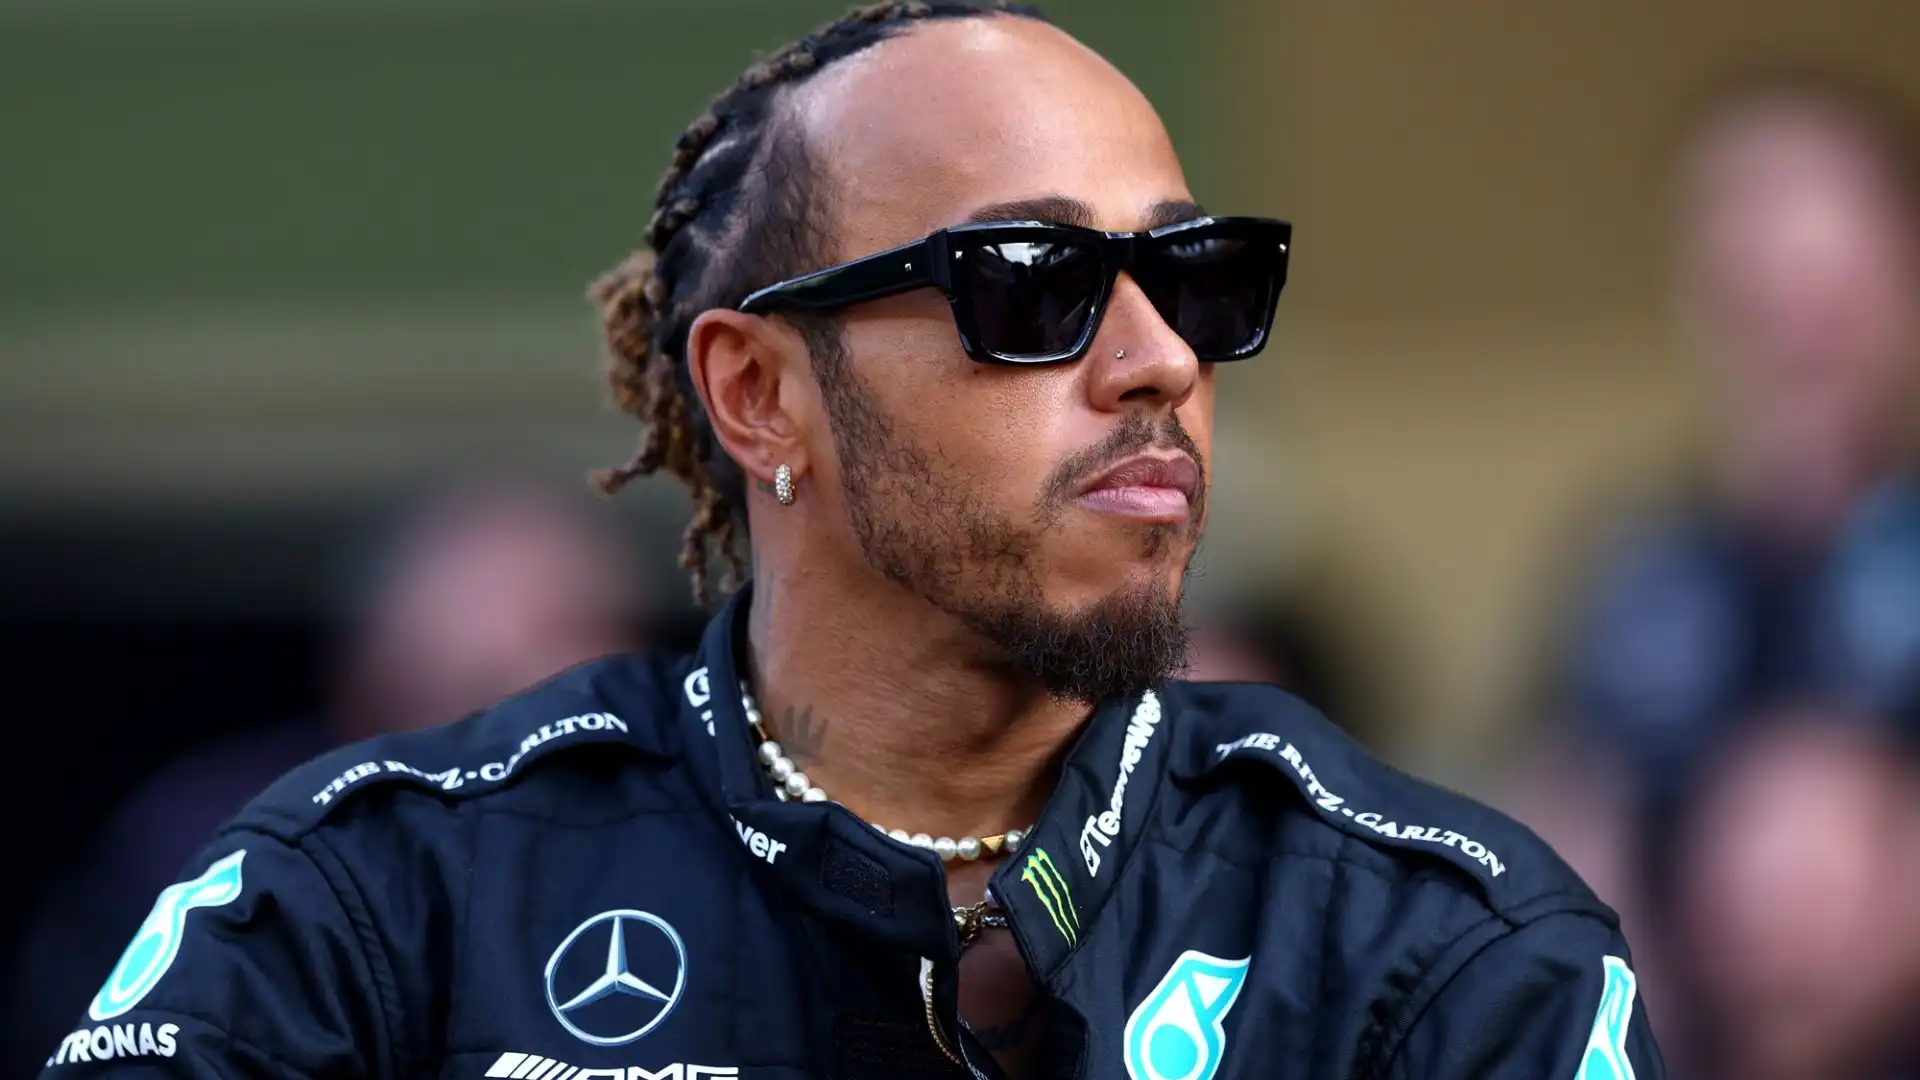 Si moltiplicano le indiscrezioni sul pilota che prenderà il posto di Lewis Hamilton alla Mercedes nel 2025
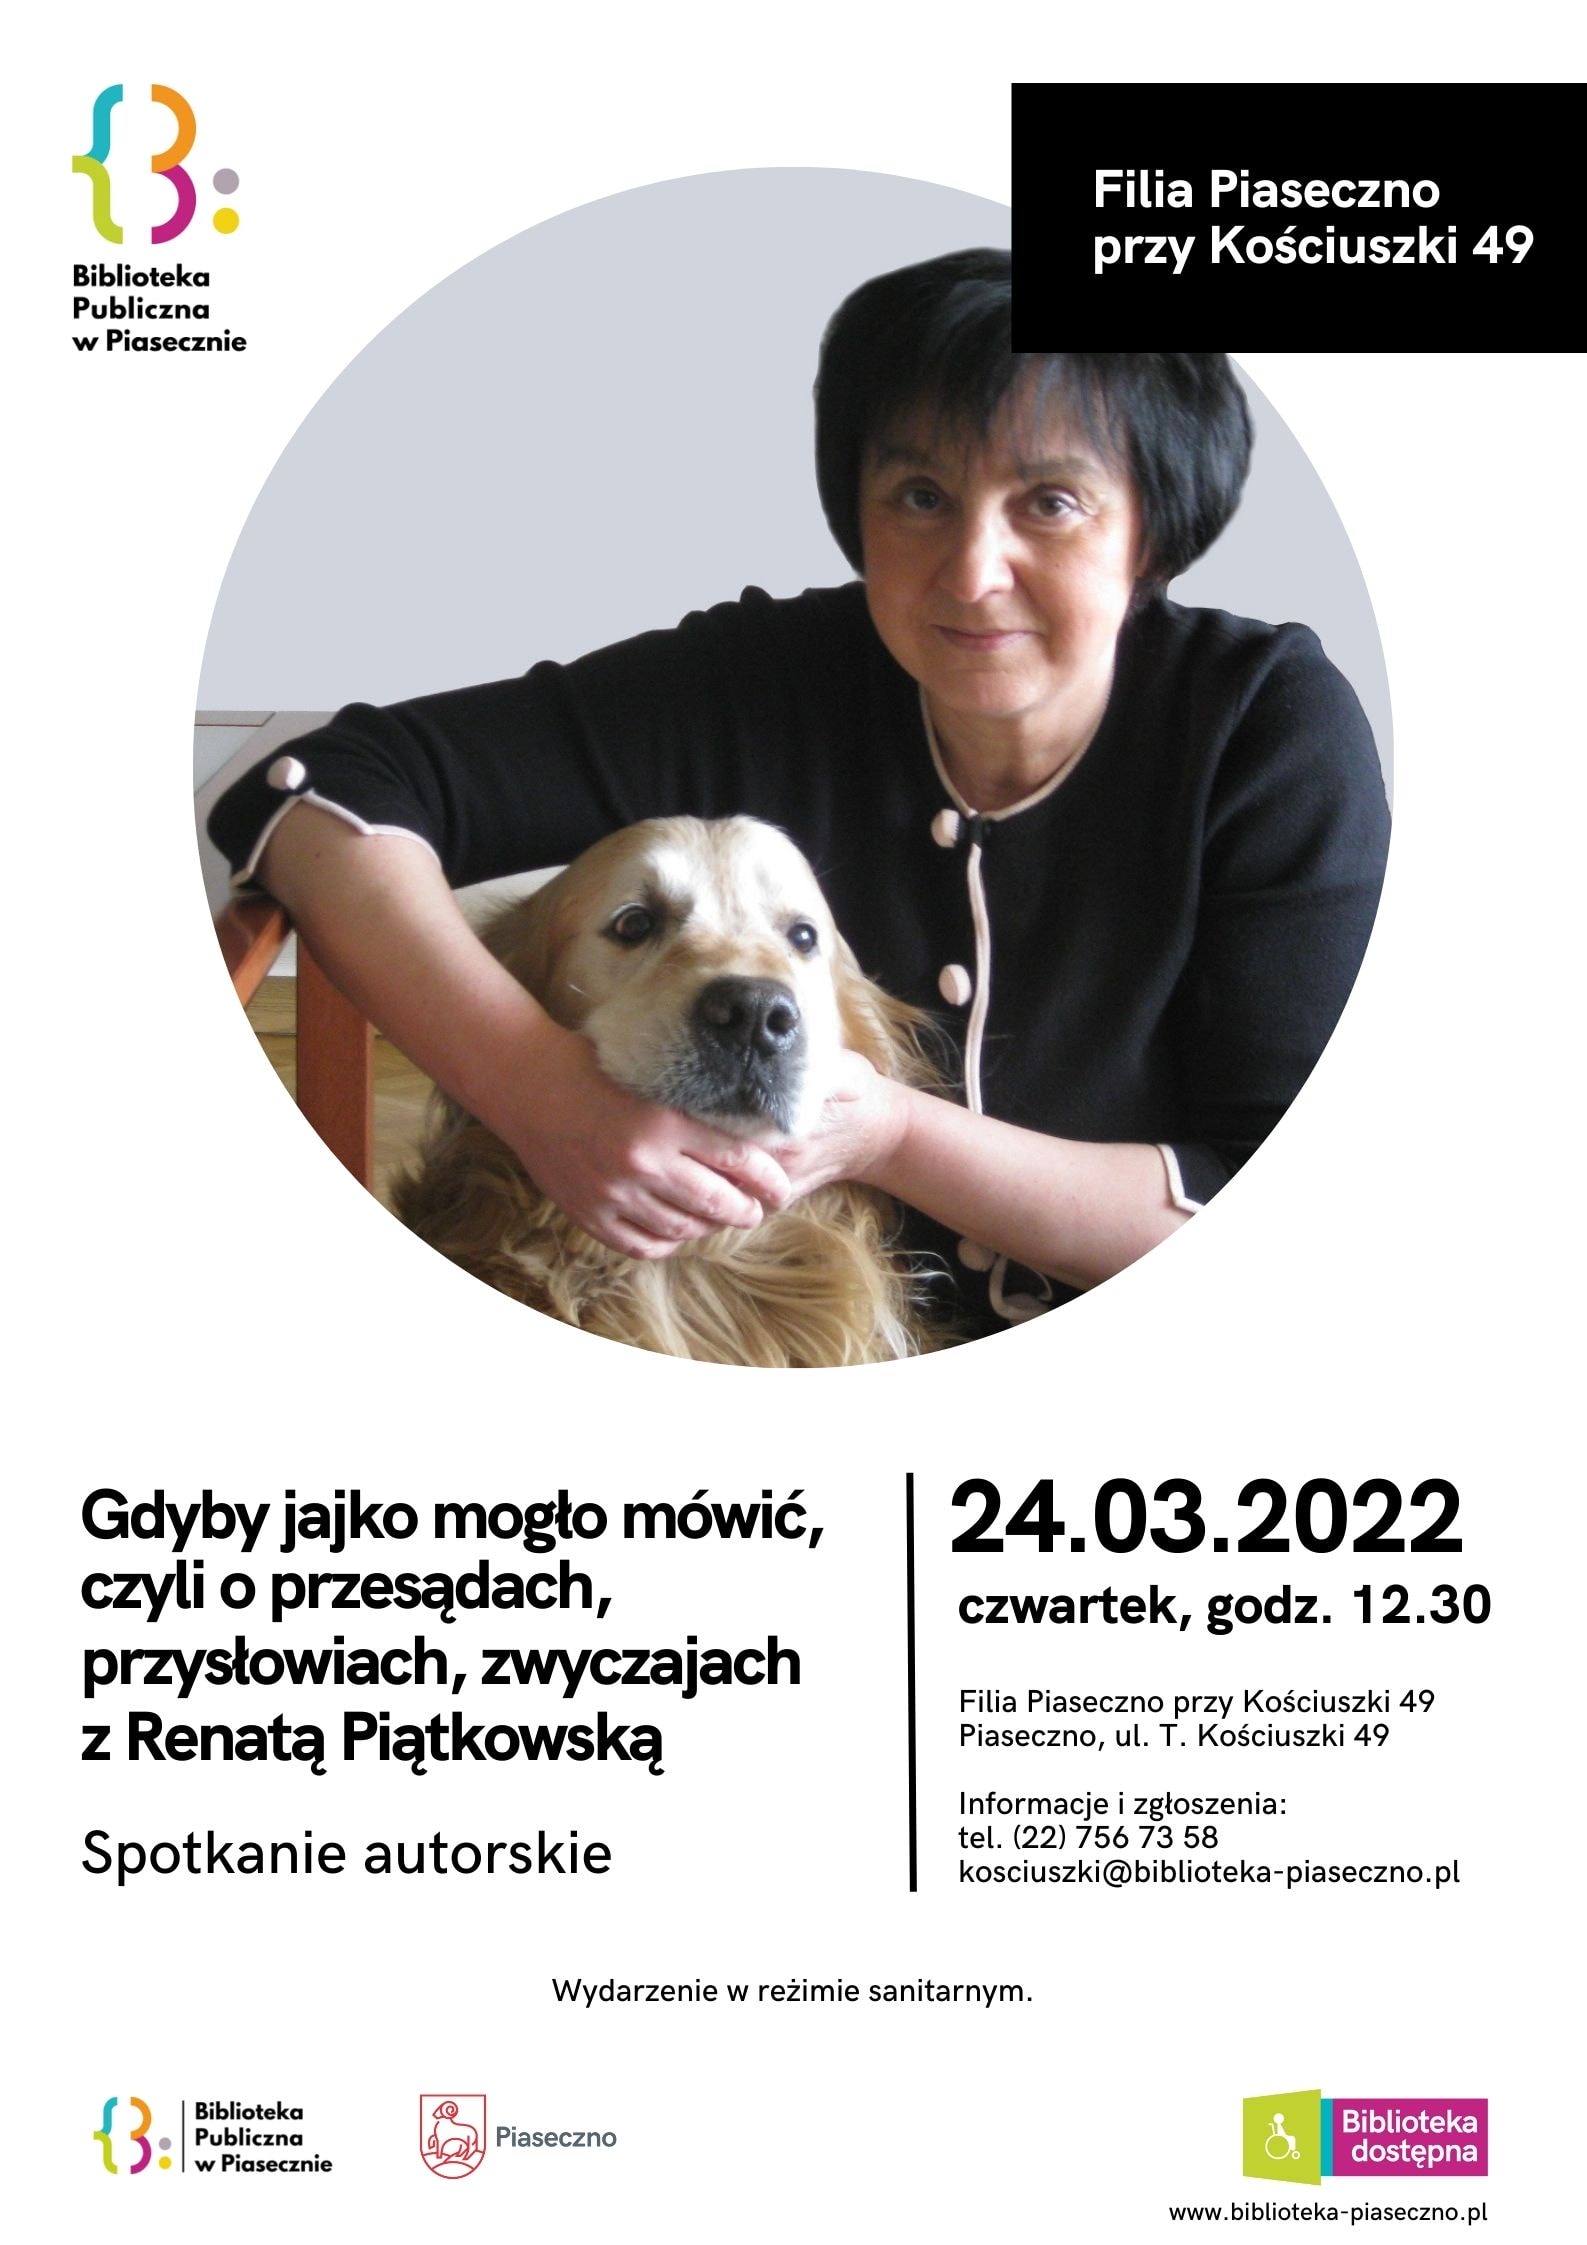 Plakat na spotkanie autorskie z Renatą Piątkowską w Filii Piaseczno przy Kościuszki 49
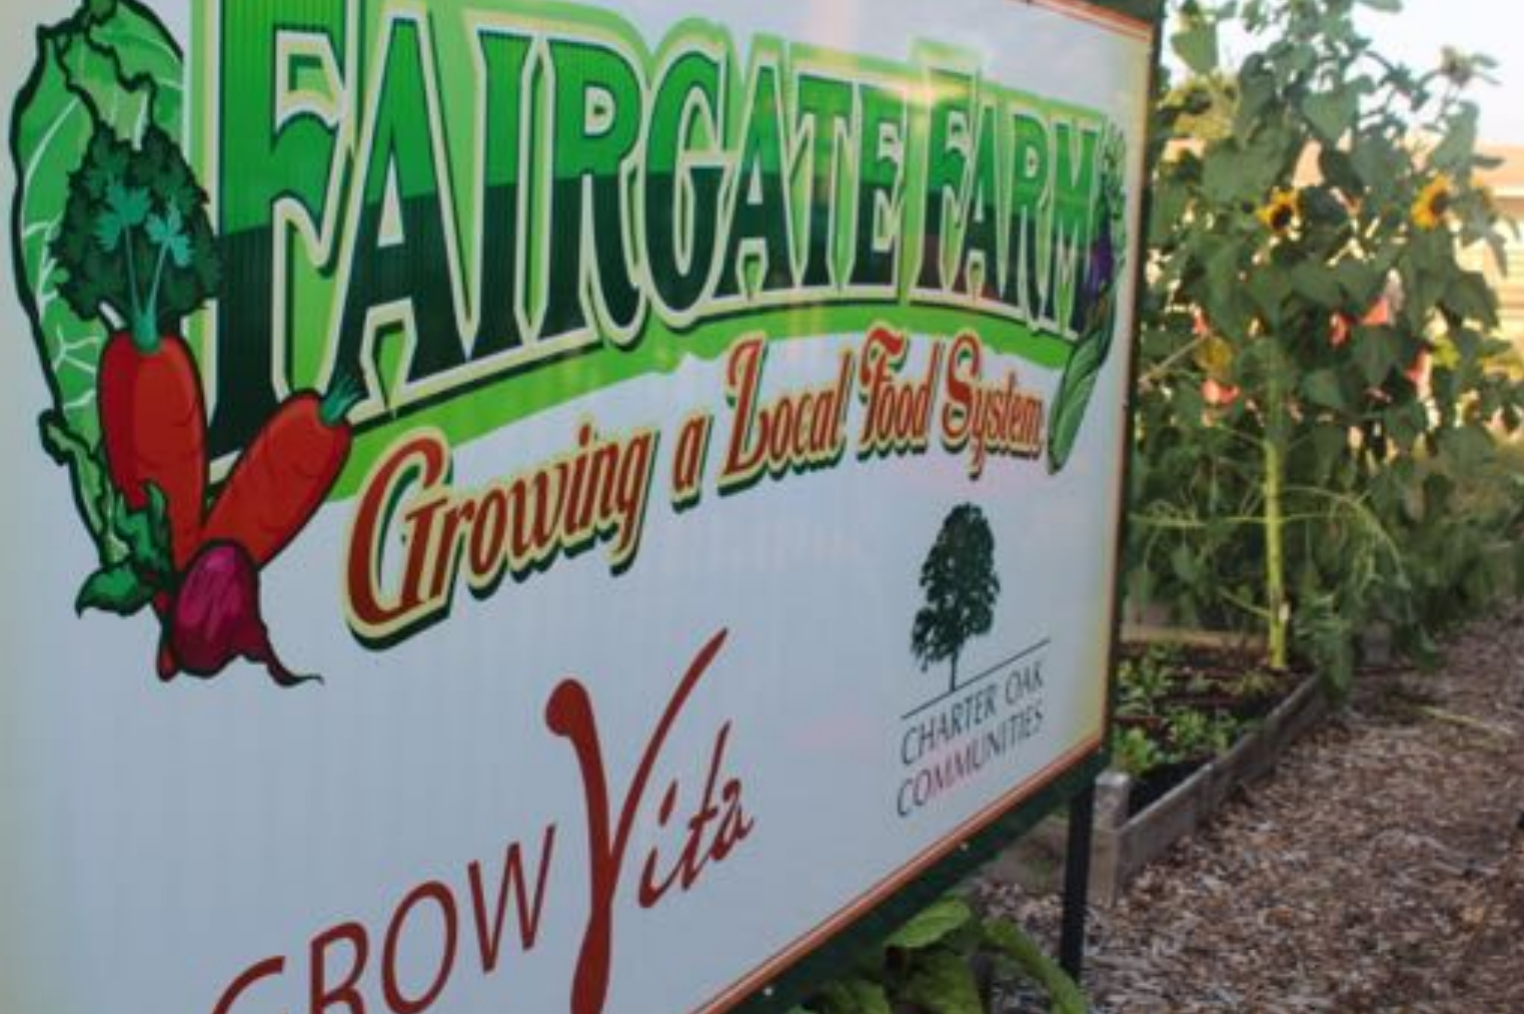 Fairgate Farm Slideshow
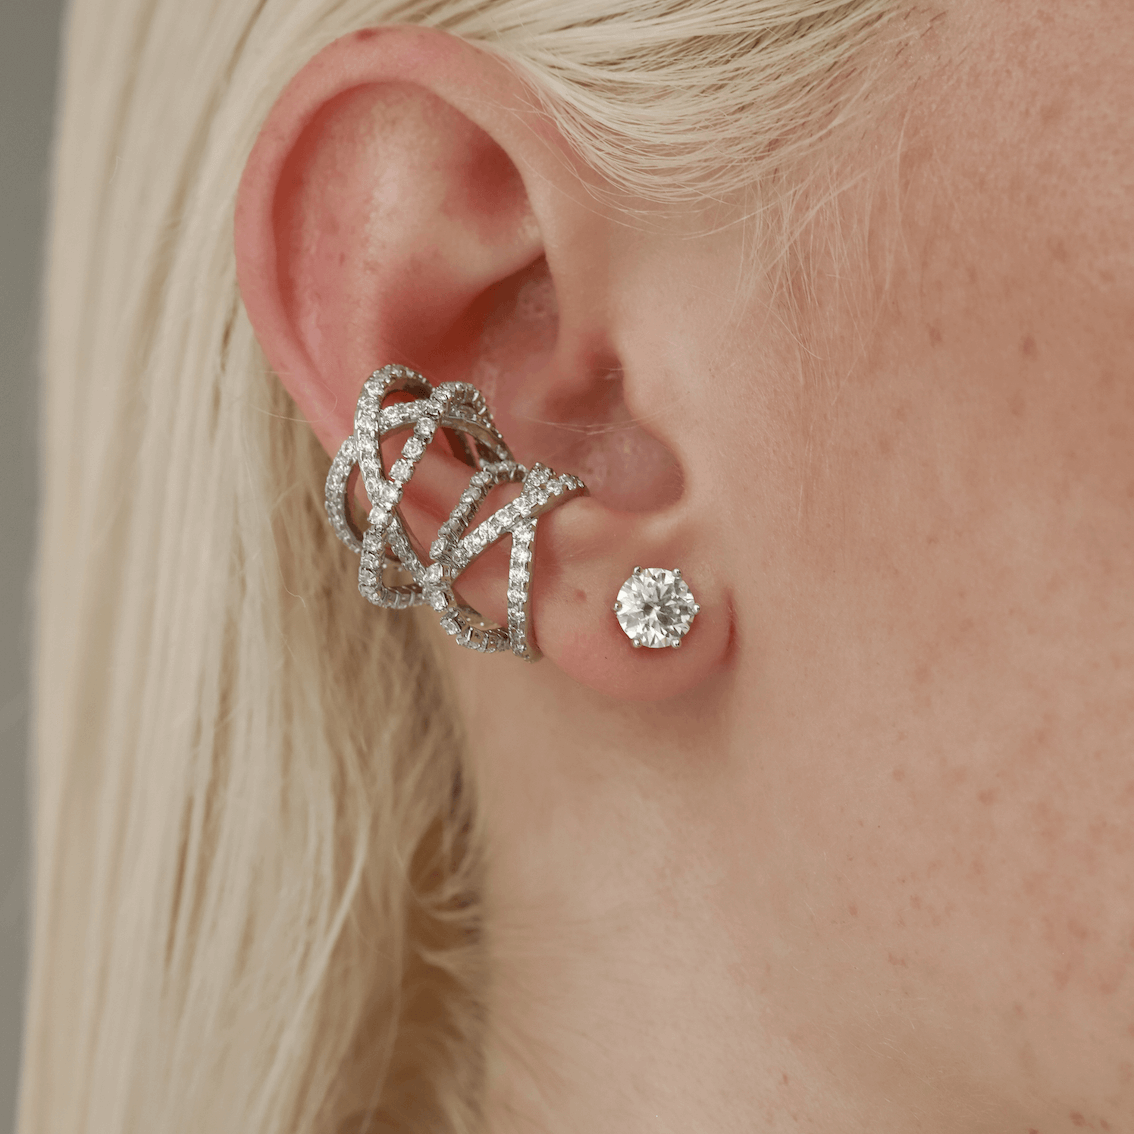 Chanel's Comet Flies Into Diamond Ear Cuffs

□ □ □

| Task details |
Reproduce the preceding material exactly, skipping pictures.

| Output of the task |
 Si moltiplicano le indiscrezioni sul pilota che prenderà il posto di Lewis Hamilton alla Mercedes nel 2025
 Plakat na spotkanie autorskie z Renatą Piątkowską w Filii Piaseczno przy Kościuszki 49
 Fairgate Farm Slideshow
 Chanel's Comet Flies Into Diamond Ear Cuffs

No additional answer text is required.